I was exhausted, dirty, fed up and not in the mood. I waved away the gun and asked where the bathroom was.

Astounded, they gestured vaguely down the path and I collected my towel and shampoo and informed the Free Spirit that enough was enough and I was going for a bath.

It was the best bath I have taken. I lay in lukewarm golden coloured water and thanked the gods for indoor plumbing.

The communication barrier between us and them resulted in another dead end on the parental communication front and we retreated back to the beach.

As we sat in the dark glumly watching the flames send sparks up to become part of the Milky Way, we were joined by a Guardian Angel.

This local fisherman and Spaza Shop owner took pity on the poor little white kids and towed us off to take up residence in a series of dead bakkies parked at his store.

He explained that sooner or later… tomorrow maybe… just now… at sometime in the future… someone would be travelling into Umtata and would give us a ride to the city.

As he mixed up an enormous potjie of pap for his pack of little yellow dogs he must have caught our looks of salivating approval.
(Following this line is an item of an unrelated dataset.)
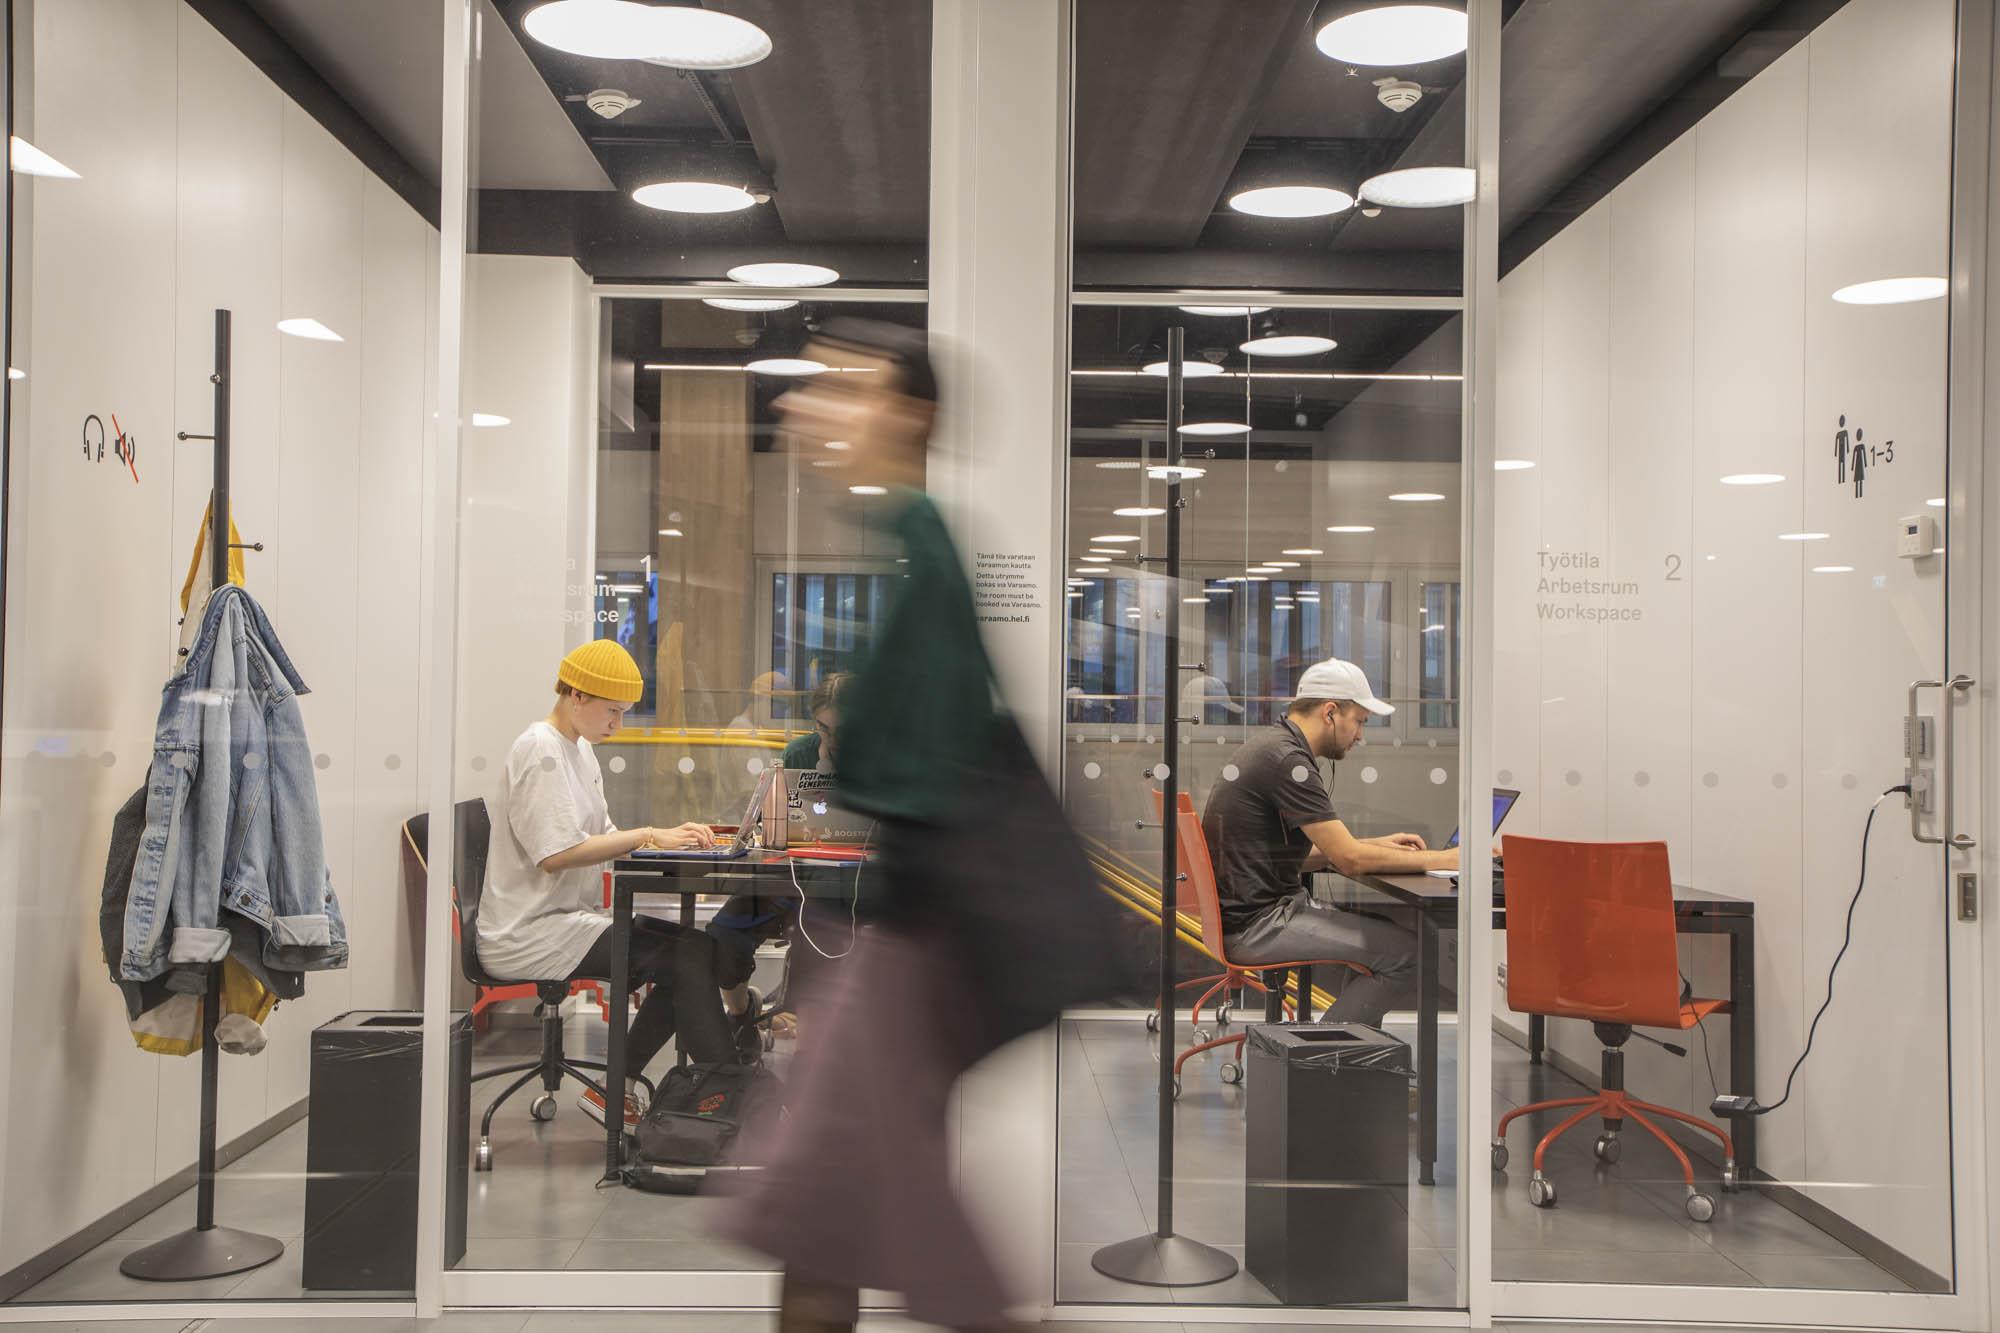 Finnland, Helsinki, Zentralbibliothek Oodi, die Arbeitsplätze im Gaskasten kann man auf Zeit mieten.

Standing up he made us an offer we couldn’t refuse. If we were hungry he’d give us 10 minutes at the pap before he let the dogs out. We ate like kings.

Meanwhile in the real world about six days had passed and our parents were insane with worry. They tracked us by my ATM withdrawals and helicopters were sent out to scour the countryside for our remains. Friends and family members descended on the Transkei in all manner of vehicles.
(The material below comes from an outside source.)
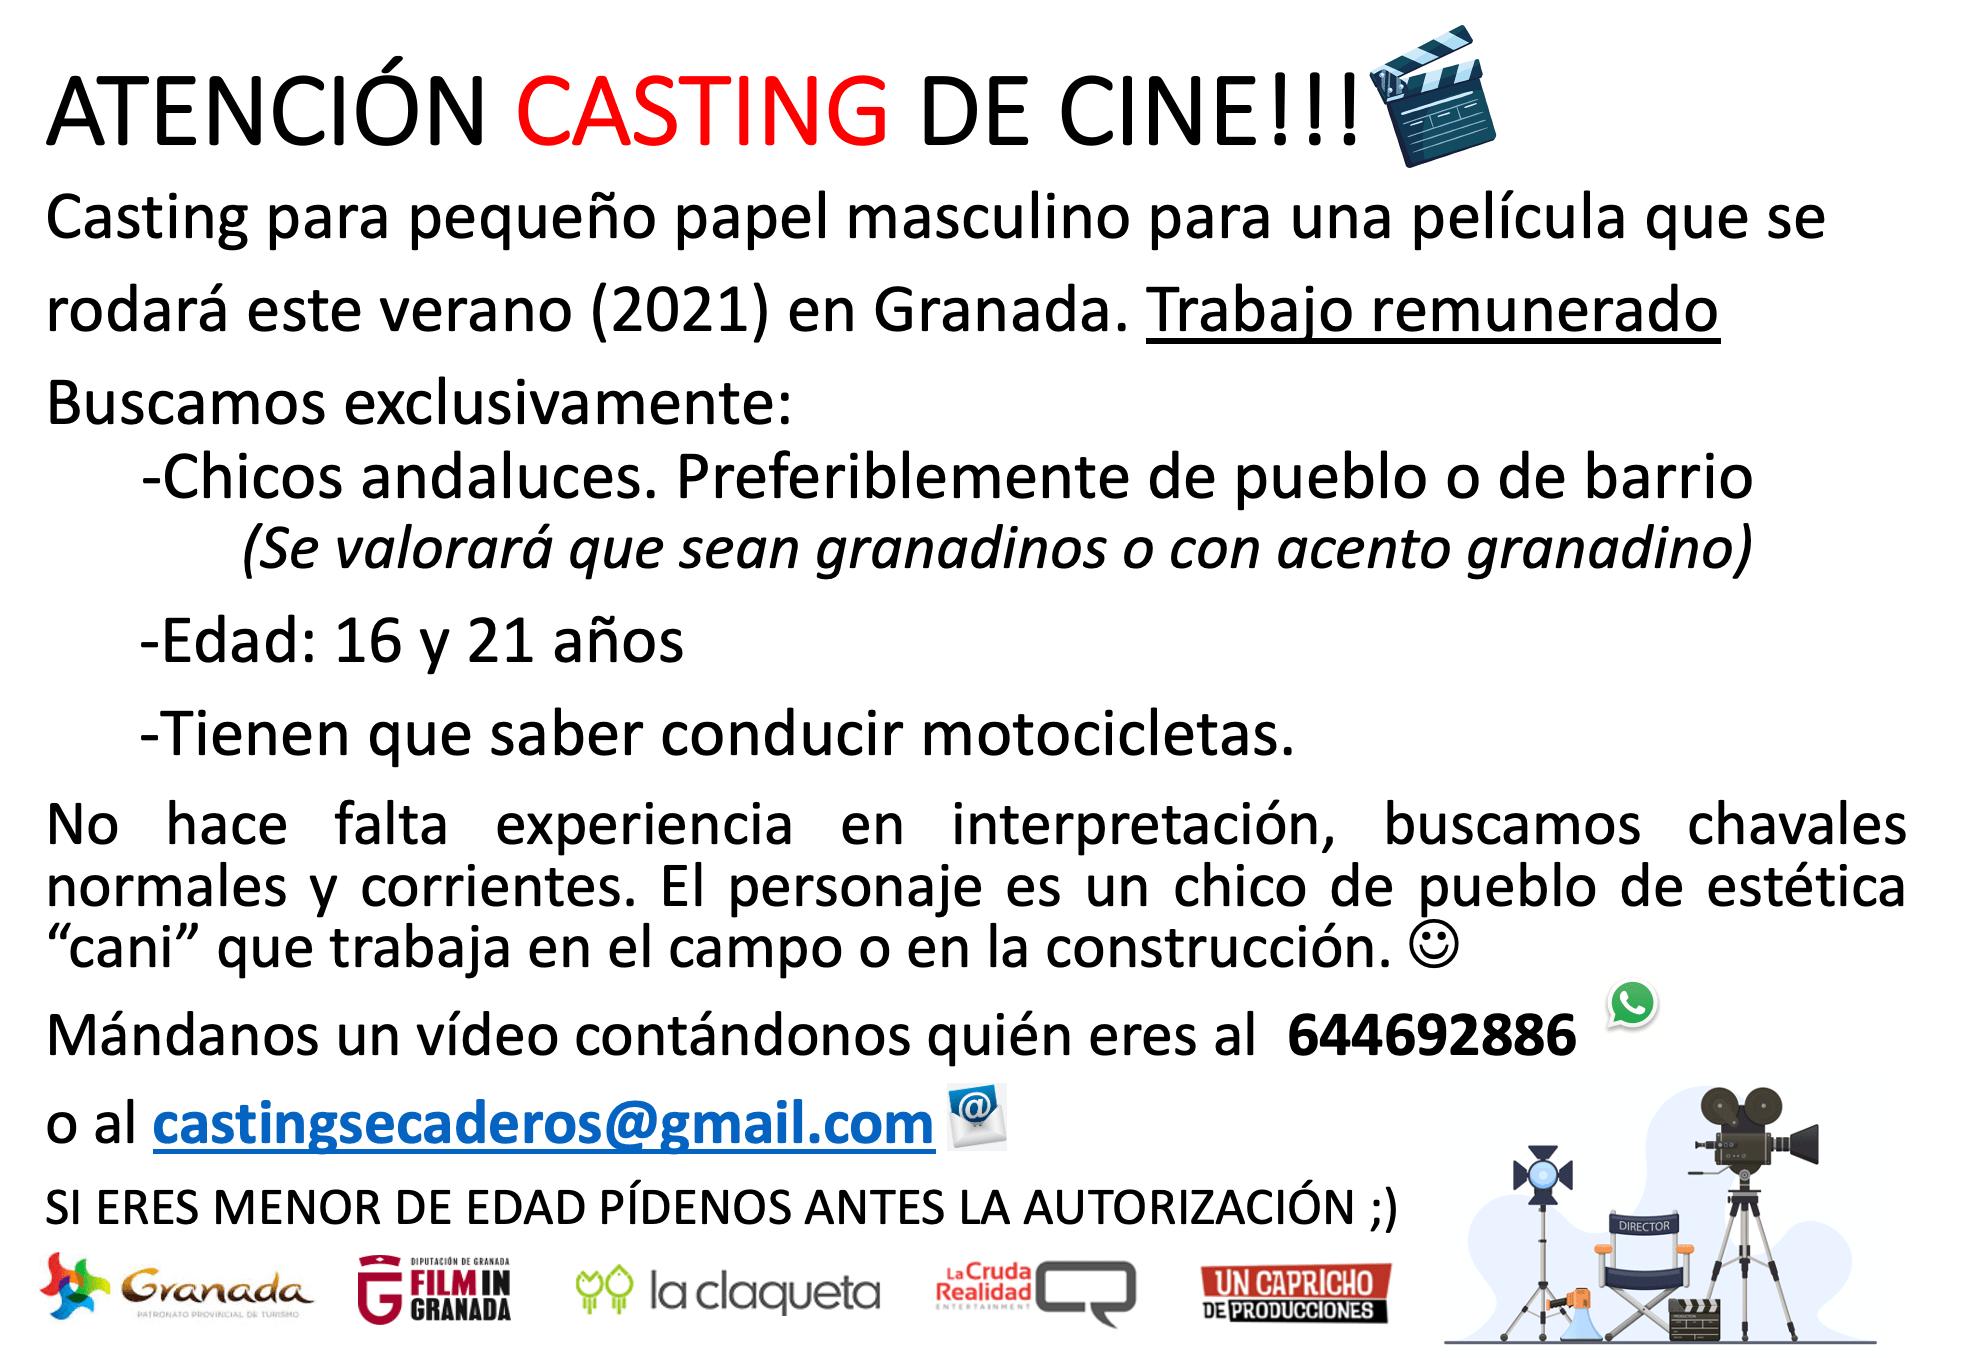 Chico andaluz de 16 a 21 años, que sepa conducir en motocicleta, para rodaje Largometraje en Granada

And I lay in the courtyard of the Spaza Shop in the load bay of a rusty Isuzu wondering how the hell I was ever going to get home.

One morning a little white Honda pulled up at the gate.
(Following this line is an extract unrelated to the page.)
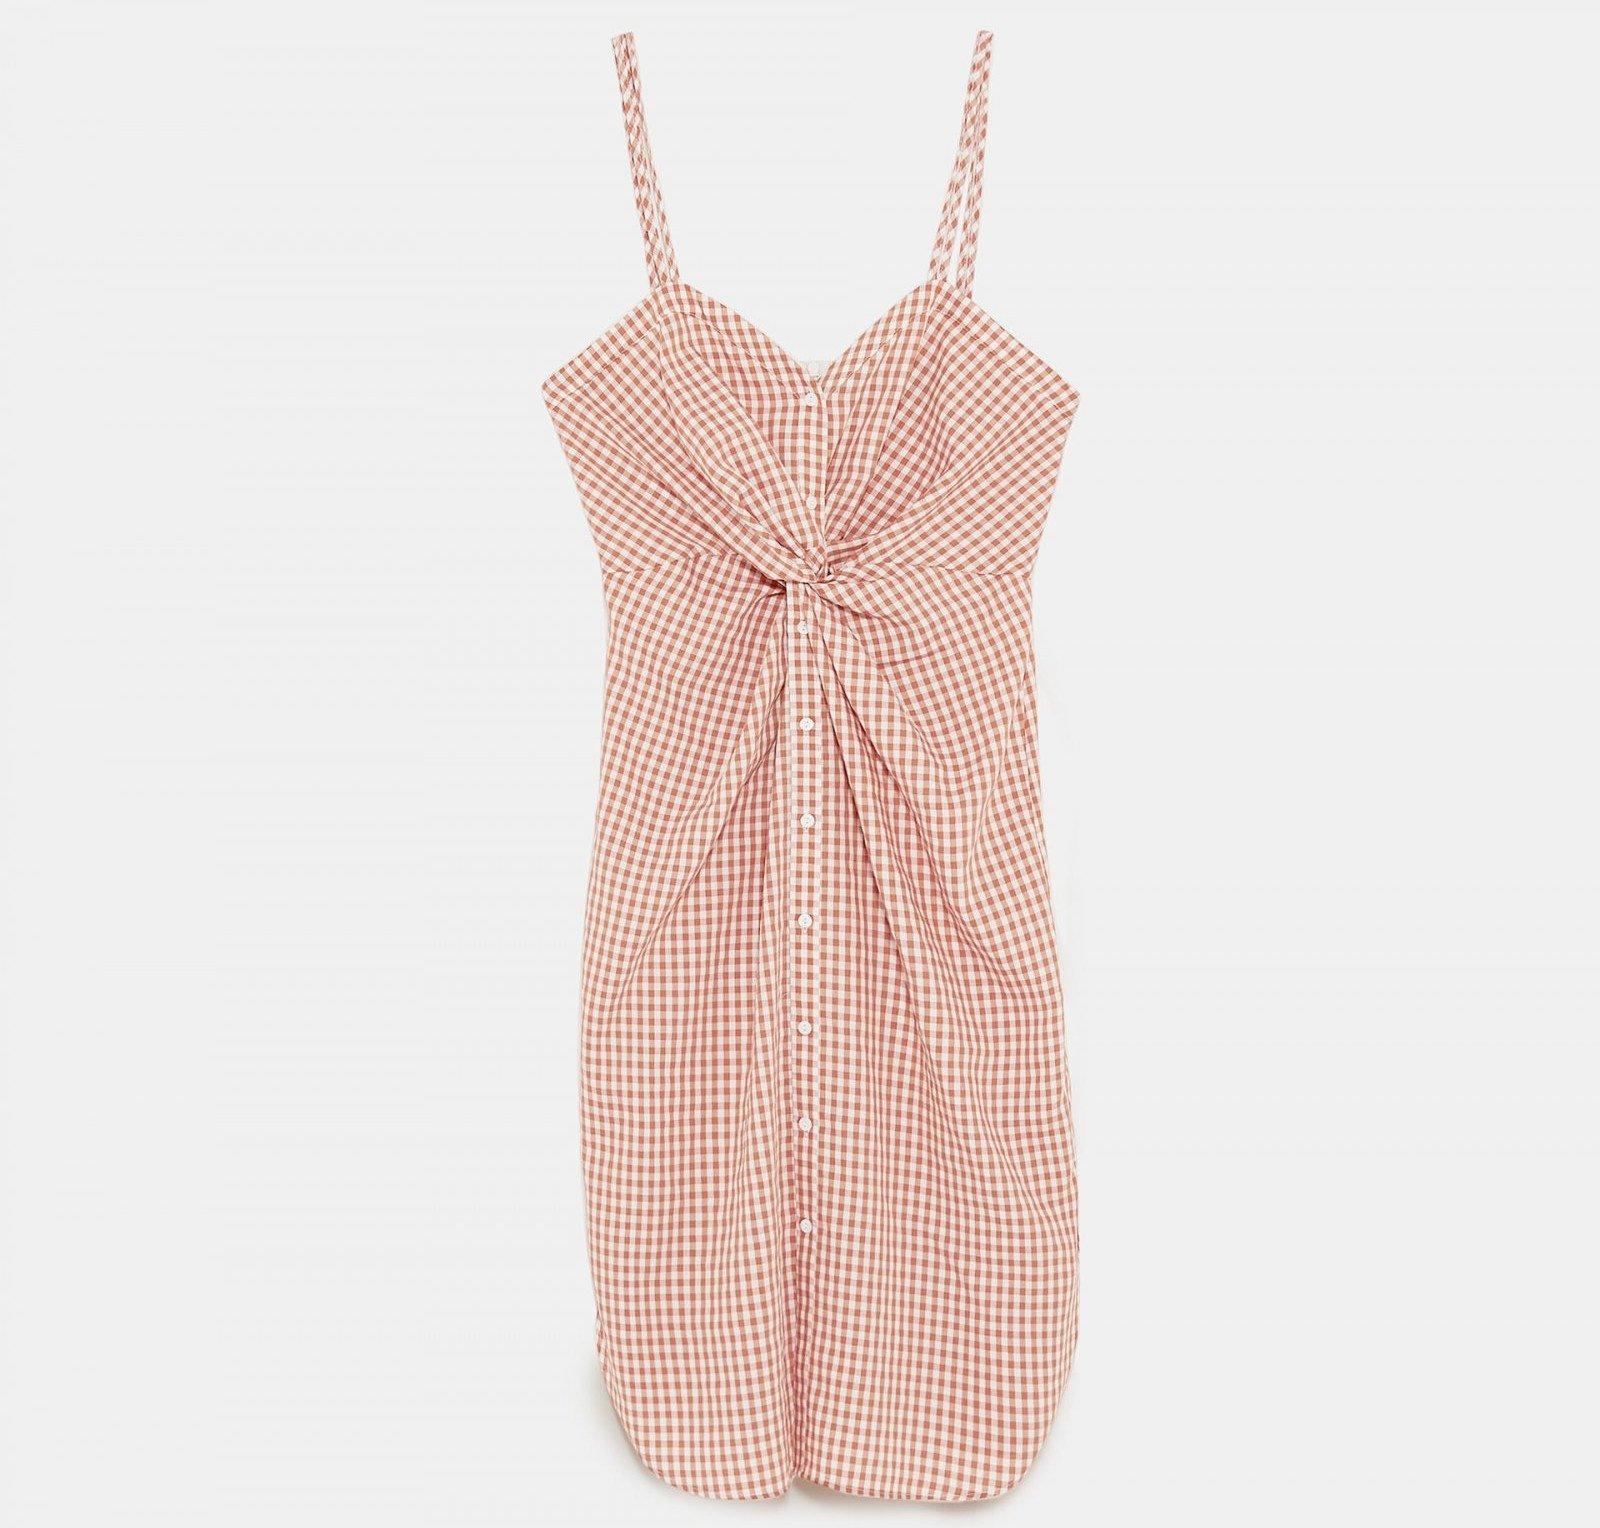 Vestido cuadros nudo de Zara, por 39,95 euros.

The Mercenary’s mom had arrived.

She took one look at my dusty visage and said, “Your father is not impressed.” An understatement of the century, I think I blurted out, “Look, can’t you just leave me here?”

The Free Spirit, the Mercenary and I were unceremoniously packed in the tiny hatchback leaving all our belongings in the dirt.

The Fallen Angel was left to guard the remains if the bakkie. He waved as disappeared into a cloud of dust amid promises that the Mercenary would be back the next day. He ended up waiting nearly two weeks.

We wandered back into the furore over four missing teenagers in Umtata. Posters with terrible photos of us were photocopied and put up on every corner. We were greeted with effusive hugs and kisses from total strangers with no idea of what was going on. The local hotel put us up for the night and we hit the all you can eat buffet like the starving.

The drive home was taken in complete silence. You could cut the atmosphere with a knife. To this day my stomach tightens in dread when I take the last curve on Long Tom’s Pass towards Harrismith. It was there I fed coins into a call box and prepared to face the wrath of my father.

I was sent to Coventry. The remainder of my vacation was spent with my Godmother where the circumstances of my visit were politely never referred to.

When I finally made it home no-one said a word. It was the large pink polka dotted elephant in the room. Then my grandfather died, the one in East London.

Almost eight months later I found myself driving out of East London towards Umtata yet again.

As the final buildings faded behind us my father calmly turned his head and said, “We have 8 hours ahead of us. Why don’t you tell us exactly what happened in the Transkei?”

My father was an investigative journalist. It was the longest 8 hours of my life.

I would never survive Guantanamo, I cracked in under 2 seconds.

Eighteen years on, the Free Spirit has dedicated her life to saving an endangered parrot in New Zealand which according to Douglas Adams on TED is the world’s most stupid bird and mainly needs saving from itself.

The Mercenary was deemed responsible by the insurance company and had to pay off the helicopter search time for the next 10 years.

I grew up to be a hippie suburban mother and writer driving around in a 1976 VW kombi.

The Fallen Angel travelled the world, charmed more women than he could count and ended up taking staid corporate bankers out of their comfortable cubicles and throwing them off bridges and down mountains.

But on a beach in a quiet corner of the world, on an unspoilt beach a part of us will always be dancing to The Doors under the stars.

Damn if it wasn’t some of the best days of my life.